ISLE: An Intelligent Streaming Framework for High-Throughput AI Inference in Medical Imaging
Pranav Kulkarni, Sean Garin, Adway Kanhere, Eliot Siegel, Paul H. Yi, Vishwa S. Parekh
TL;DR
This work tackles bandwidth and compute bottlenecks in streaming medical images for AI inference by introducing ISLE, an intelligent streaming framework built on High-Throughput JPEG 2000 (HTJ2K) with progressive encoding. ISLE streams only the necessary sub-resolutions via a Progressive Encoder, a Stream Optimizer that selects the optimal decomposition, and a Progressive Decoder that reconstructs the chosen resolution, all without compromising AI performance. Across NIH, CheXpert, and MIMIC datasets (including DICOM), ISLE achieves data transmission reductions near 98%, decode-time reductions near 98%, and substantial throughput improvements, while maintaining AUROC comparable to full-resolution data. This approach enables scalable, cost-effective clinical AI inference at scale and could help democratize deployment across healthcare settings, with future work extending to 3D imaging and other AI tasks.
Abstract
As the adoption of Artificial Intelligence (AI) systems within the clinical environment grows, limitations in bandwidth and compute can create communication bottlenecks when streaming imaging data, leading to delays in patient care and increased cost.

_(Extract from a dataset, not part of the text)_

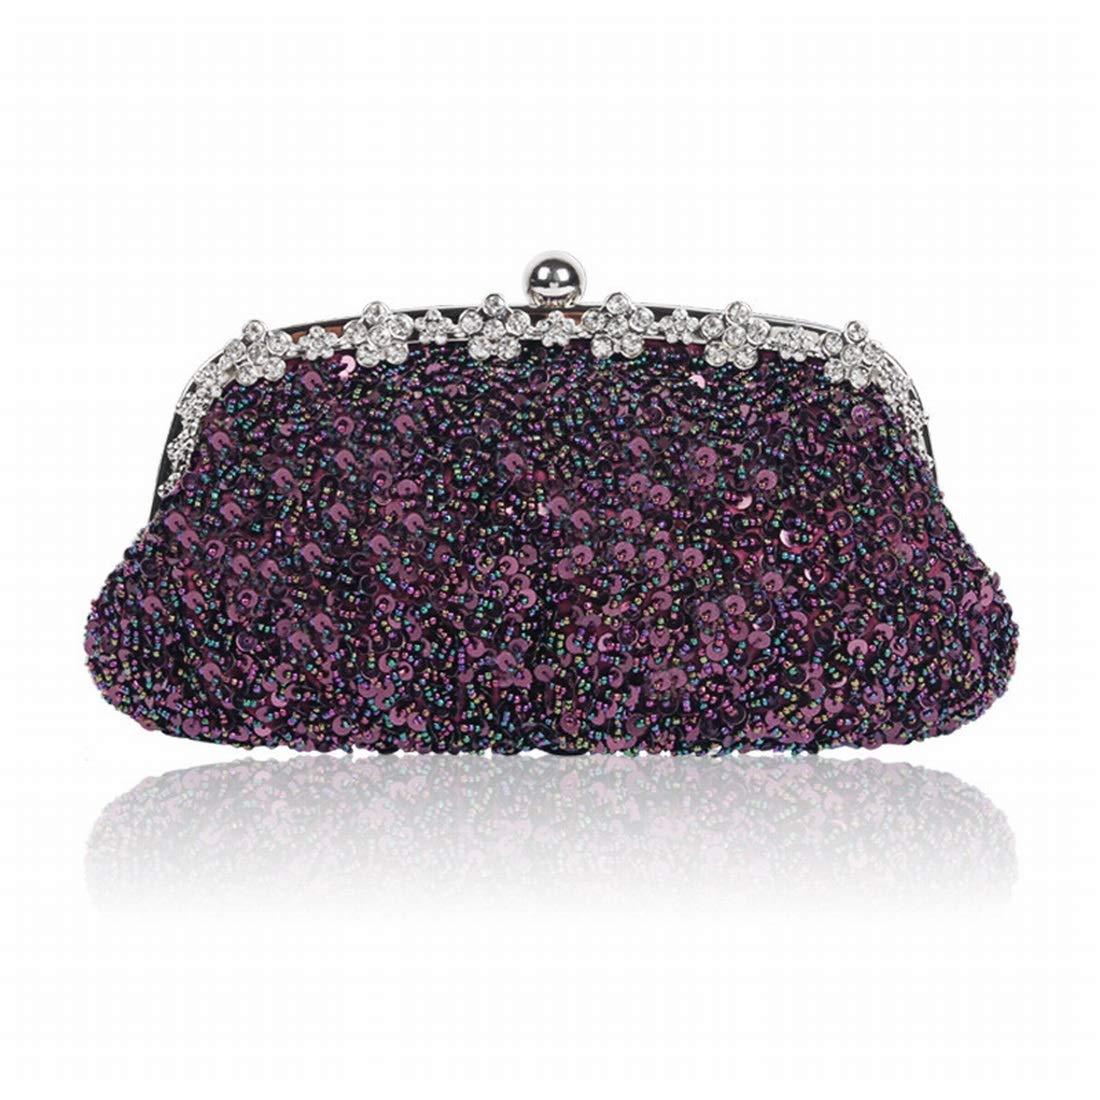 Klerokoh damen Perlen Abendtasche Multi Farbe Farbe Farbe Hochzeit Clutch Geldbörse für Damen (Farbe   lila) B07Q8GCP56 Clutches Fein wild c112f5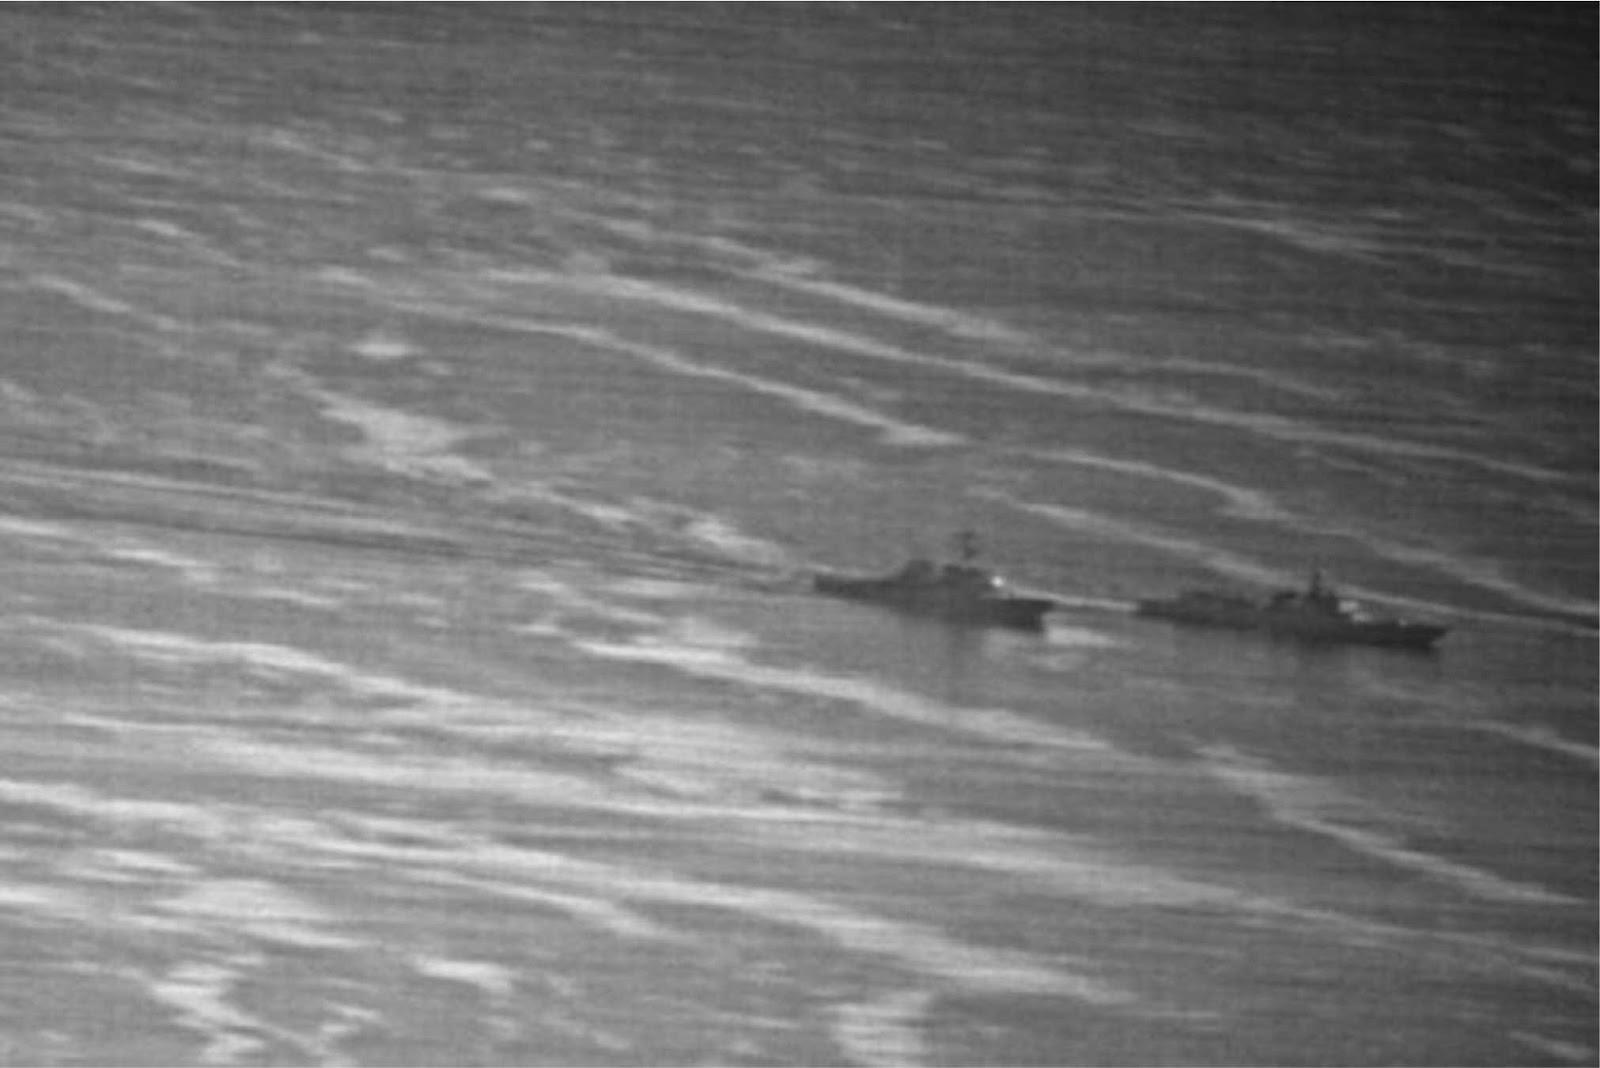 US Navy merencanakan unjuk kekuatan global terhadap China

As such, healthcare providers and AI vendors will require greater computational infrastructure, therefore dramatically increasing costs. To that end, we developed ISLE, an intelligent streaming framework for high-throughput, compute- and bandwidth- optimized, and cost effective AI inference for clinical decision making at scale. In our experiments, ISLE on average reduced data transmission by 98.02% and decoding time by 98.09%, while increasing throughput by 2,730%. We show that ISLE results in faster turnaround times, and reduced overall cost of data, transmission, and compute, without negatively impacting clinical decision making using AI systems.